The prediction of juvenile recidivism has considerable policy and research relevance. Consistent with this, there has been a rise in the use of risk/needs assessment (RNA) tools by local and state juvenile justice agencies. Indeed, as of 2020, 42 states had implemented a single RNA tool statewide (Juvenile Justice Geography, Policy, Practice and Statistics [JJGPS], 2016). However, RNA tools typically are developed and scored on specific recidivism measures, and there is significant variability in the operationalization of juvenile recidivism across states and juvenile justice agencies. Despite federal legislation urging uniformity in the measurement of juvenile recidivism, extant research continues to document substantial differences in the measures used when assessing the effectiveness of RNA tools. In addition, despite calls for research comparing the predictive validity of RNA tools across different recidivism outcomes (Baglivio, 2009; Bechtel et al., 2007; Cottle et al., 2001; Schmidt et al., 2005), there exist few direct comparisons of these tools across outcome measures.
This study examines how strongly a previously validated recidivism risk score predicts seven different operationalizations of juvenile recidivism. The seven are those that are most commonly used by states, and they vary in terms of the marker event or type of system contact captured, the follow-up period used, and whether youth are followed into the adult criminal justice system (Andersen & Skardhamar, 2017; Deal et al., 2015; Harris et al., 2009). The results reveal how much conclusions about associations between the score and recidivism change when different measures of juvenile recidivism are used.
The Implications of the Operationalization of Recidivism for Risk Assessment
State-level assessments of measurement practices have revealed widespread variability across states in terms of the collection, analysis, and reporting of juvenile recidivism data (Walsh & Weber, 2014; Harris et al., 2009). The most recent national studies revealed that the most common marker event tracked by states was re-adjudication or reconviction, though only about half of states tracked it; states followed youth anywhere from 6 to 36 months post-supervision; and slightly more than half of states tracked youths’ recidivism into the adult system (JJGPS, 2016; Pew, 2014). There thus remains notable between-state variation in the operationalization of recidivism. In addition to making recidivism rates more comparable across systems, greater uniformity in measurement might also facilitate the cross-state translation of findings regarding risk factors for recidivism. Yet it remains unclear whether and how much those findings do indeed vary across operationalizations of recidivism.
It is plausible that measurement decisions will affect risk factors’ predictive power. First, different measures may capture different underlying constructs. Official recidivism measures are influenced both by behavior and by justice system processes (Vincent et al., 2012). For instance, referral or arrest data likely include more unsubstantiated cases than adjudication or conviction data (Harris et al., 2009; Maltz, 2001). Second, measures may vary in the extent to which they detect the outcome of interest. Shorter follow-up periods will miss more reoffending and will leave less time for system processing to play out (Deal et al., 2015; Harris et al., 2009). In addition, not tracking youth into the adult system may result in lower detection of reoffending among older youth (Deal et al., 2015; Pew, 2014).

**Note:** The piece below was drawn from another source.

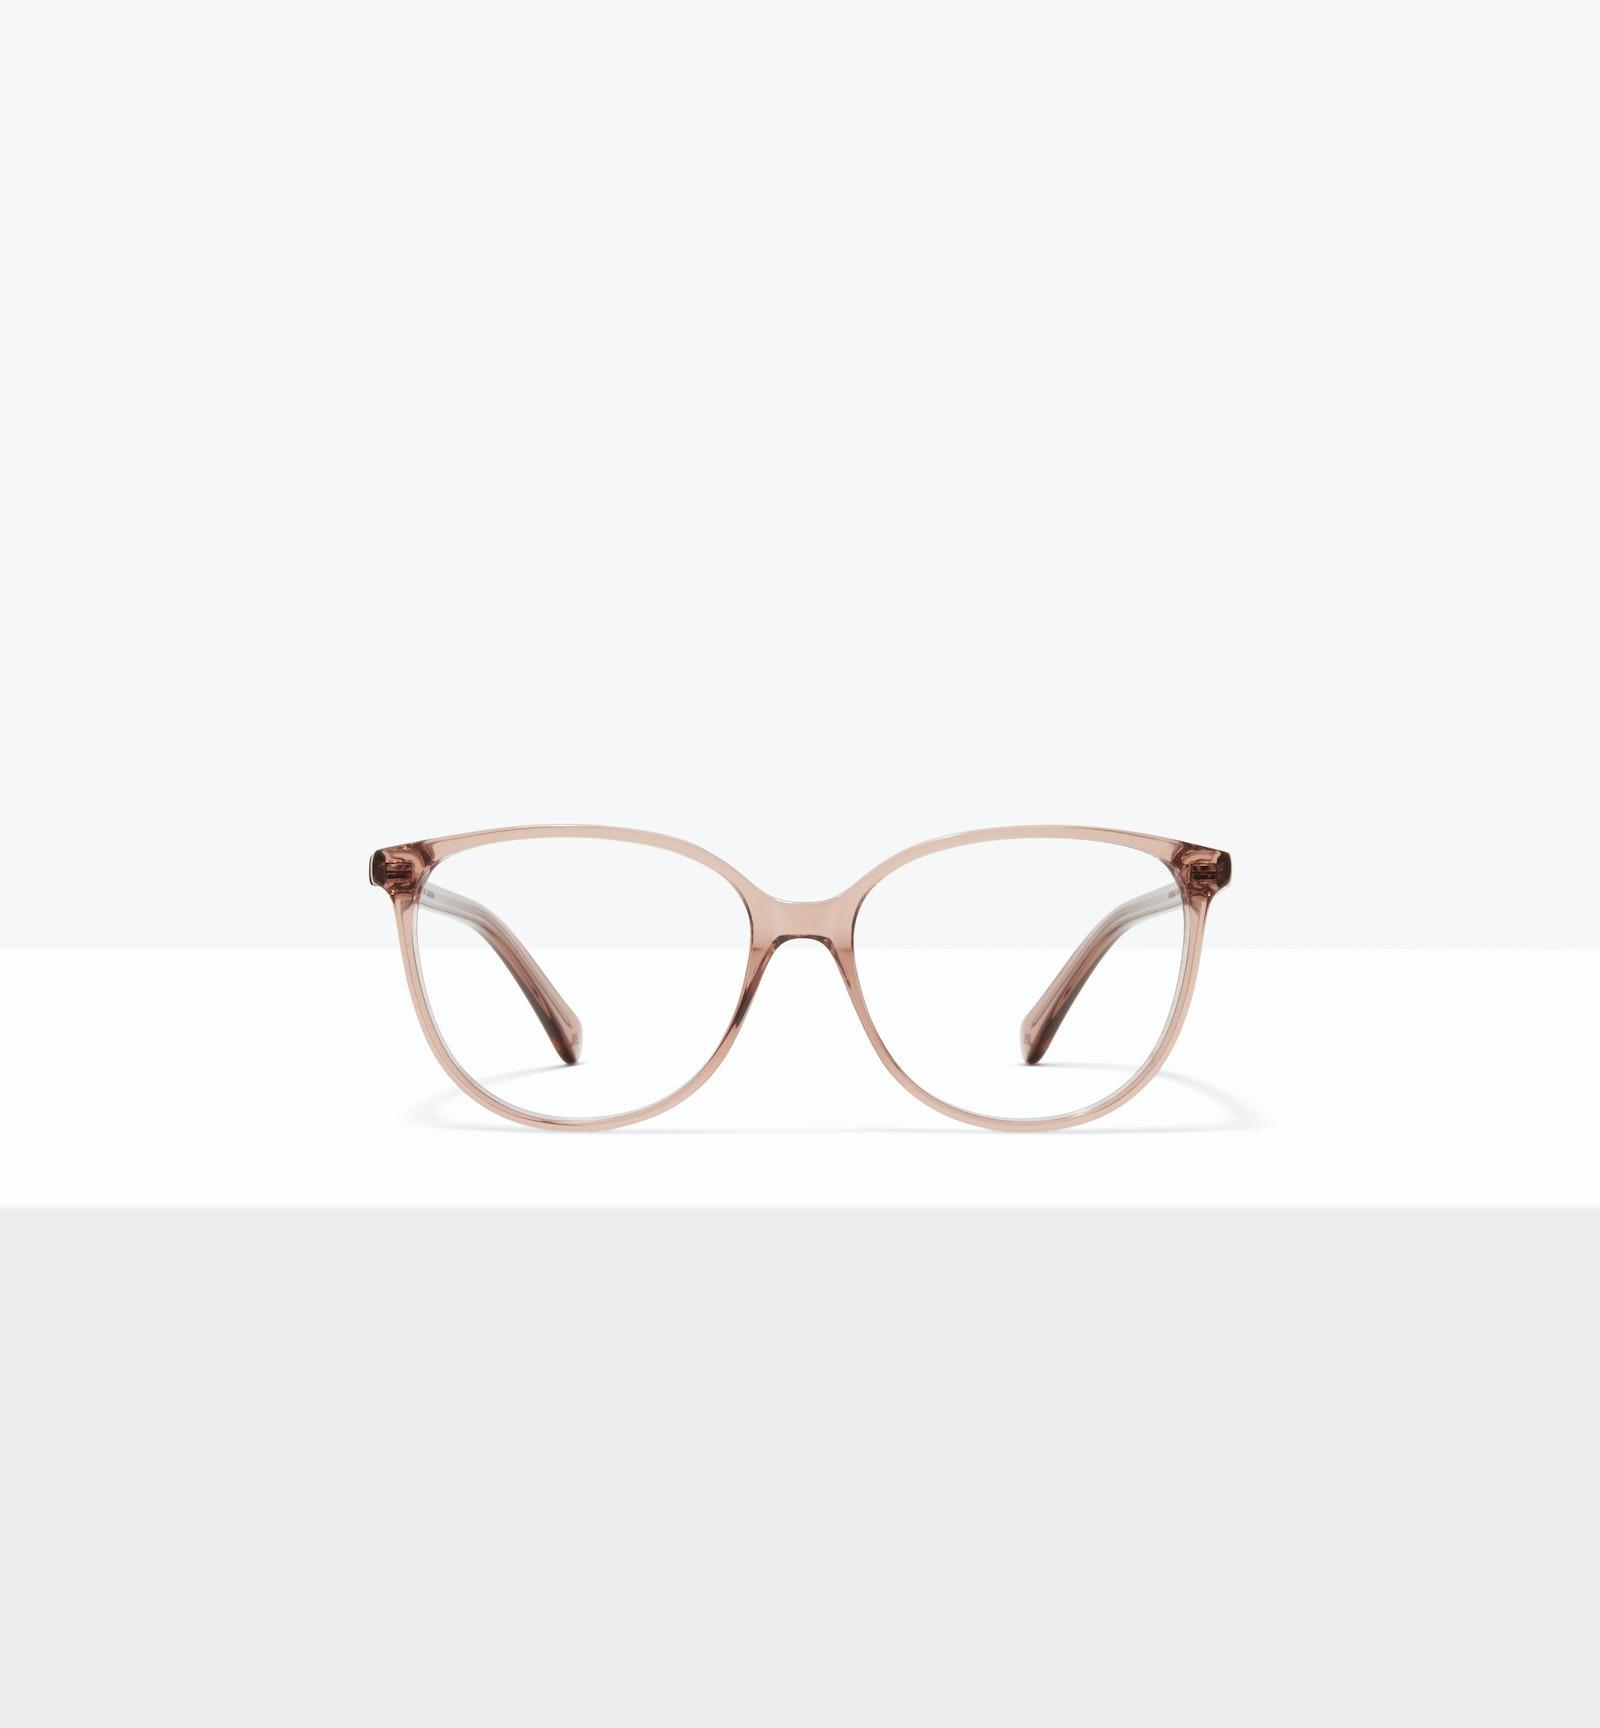 Affordable Fashion Glasses Cat Eye Eyeglasses Women Imagine XL Rose

Consistent with these expectations, recidivism rates vary considerably across operationalizations. A study of adult recidivism in Norway found rates ranging from 9% to 53% depending on how, among whom, and for how long recidivism was measured (Andersen & Skardhamar, 2017). Similar variability in rates has been found among juveniles (Harris et al., 2009). For example, among previously committed youth, reoffending rates range from approximately 20% to approximately 75%, depending on which stage of system contact is examined and how long youth are tracked (Annie E. Casey Foundation, 2011).
It also is possible that the predictors of recidivism vary across operationalizations. Three recent studies examined the predictors of different marker events. Wolff et al. (2020) examined whether gang involvement and behavior/cognitive disorders predicted rearrest and re-adjudication among a sample of previously committed youth. Both focal predictors appeared to have larger effects on rearrest. Similarly, Narvey et al. (2021) found that adverse childhood experiences appeared to be stronger predictors of juvenile rearrest than of re-adjudication. These two studies, however, did not conduct significance tests for differences in effects across the different outcomes. Most recently, Caudill and Trulson (2022) examined whether various risk factors differentially predicted the dates of new offenses, new referrals, and new adjudications. Eight of the 20 predictors—encompassing demographic characteristics, criminal history variables, and other individual-level risk factors—were significantly stronger or weaker predictors of referrals than of adjudications. As similar domains are included in RNA instruments, it is possible that by extension those instruments differentially predict different recidivism measures.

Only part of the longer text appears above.